Sometimes other ingredients are added, but they don’t need to be for it to be a rich gravy to ladle over chicken and mashed potatoes. I like to add a little sautéed onion, which makes most savory dishes better. You can add mushrooms, chopped giblets, or whatever strikes your fancy.
While you could thicken the gravy with a slurry of cornstarch, I think a gravy thickened with flour has a better texture and is generally more satisfying (partly because of the flour and partly because the flour has to be mixed with butter or fat from cooking the bird). Smaller amounts of stock can be thickened with beurre manié, butter into which flour has been kneaded. Larger amounts benefit from a roux, in which you cook the flour in the butter rather than just kneading them together. The point of combining the fat and the flour is to coat the granules of flour so that that the flour won’t clump as it expands to do its thickening work. (But I’ve seen chef Jean-Georges Vongerichten simply sprinkle flour directly into cold coffee to thicken a duck stew, so even the fat isn’t strictly necessary.) The fat can be butter, with a roux made separate from what you’re cooking, or the roux can be made in the roasting pan using the fat from the bird.

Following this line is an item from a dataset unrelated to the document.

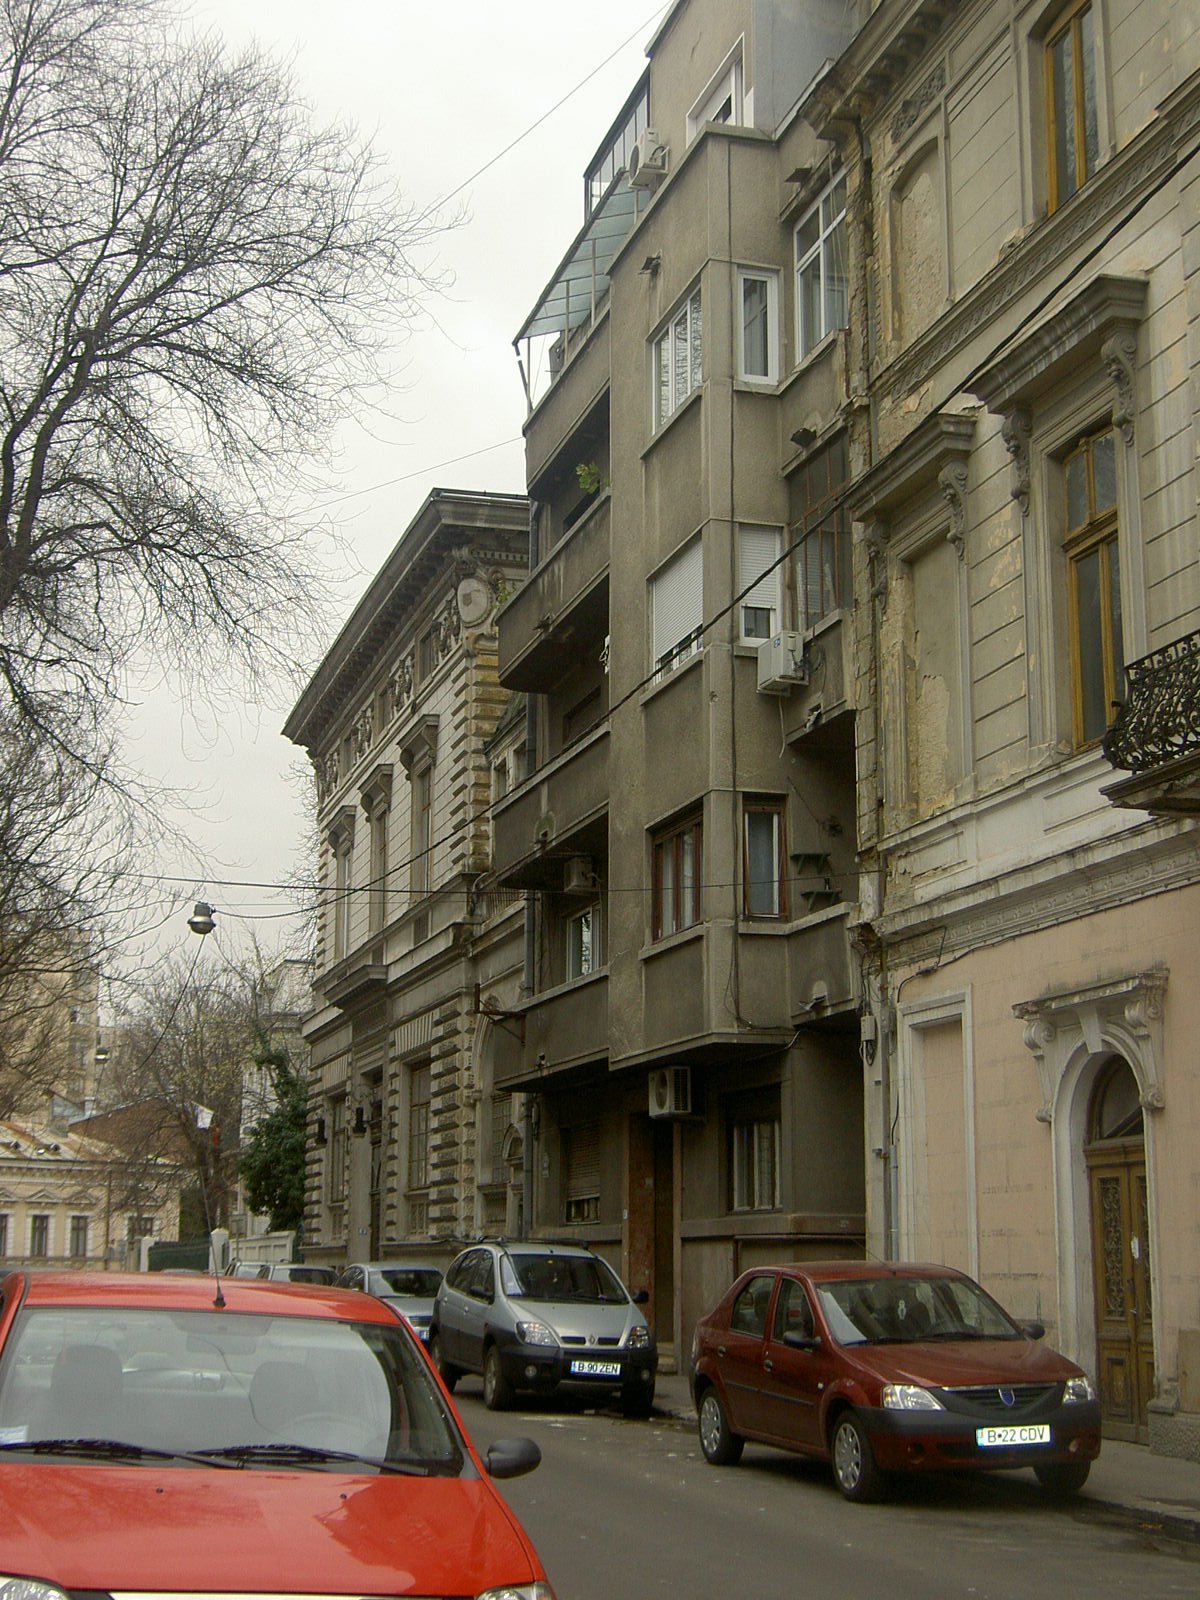 Taken on March 25th, 2007 in Bucureşti (=Bucharest) and sourced from JG029873=ALX=FinkelsteinAlex.

Melt the butter in a small saucepan over medium-high heat. Add the onion and hit it with a three-finger pinch of salt. Stir to coat the onion with the melting butter and continue to cook until the onion is translucent.
Add the flour and stir so that it becomes coated with the fat. Continue cooking until the flour smells like pie crust.
Whisk in the stock, stirring and dragging a flat-edged spoon across the bottom to keep the flour from sticking. The stock will thicken as it comes to a simmer. Taste and, if desired, add a pinch more salt.
You can use the gravy right away or, for a more refined gravy, you can pull the pan to the edge of the burner and lower the heat till it’s at a light simmer on just one side of the pan. Let it cook this way for 20 to 30 minutes, skimming the foam and skin that forms on the cool side of the pan.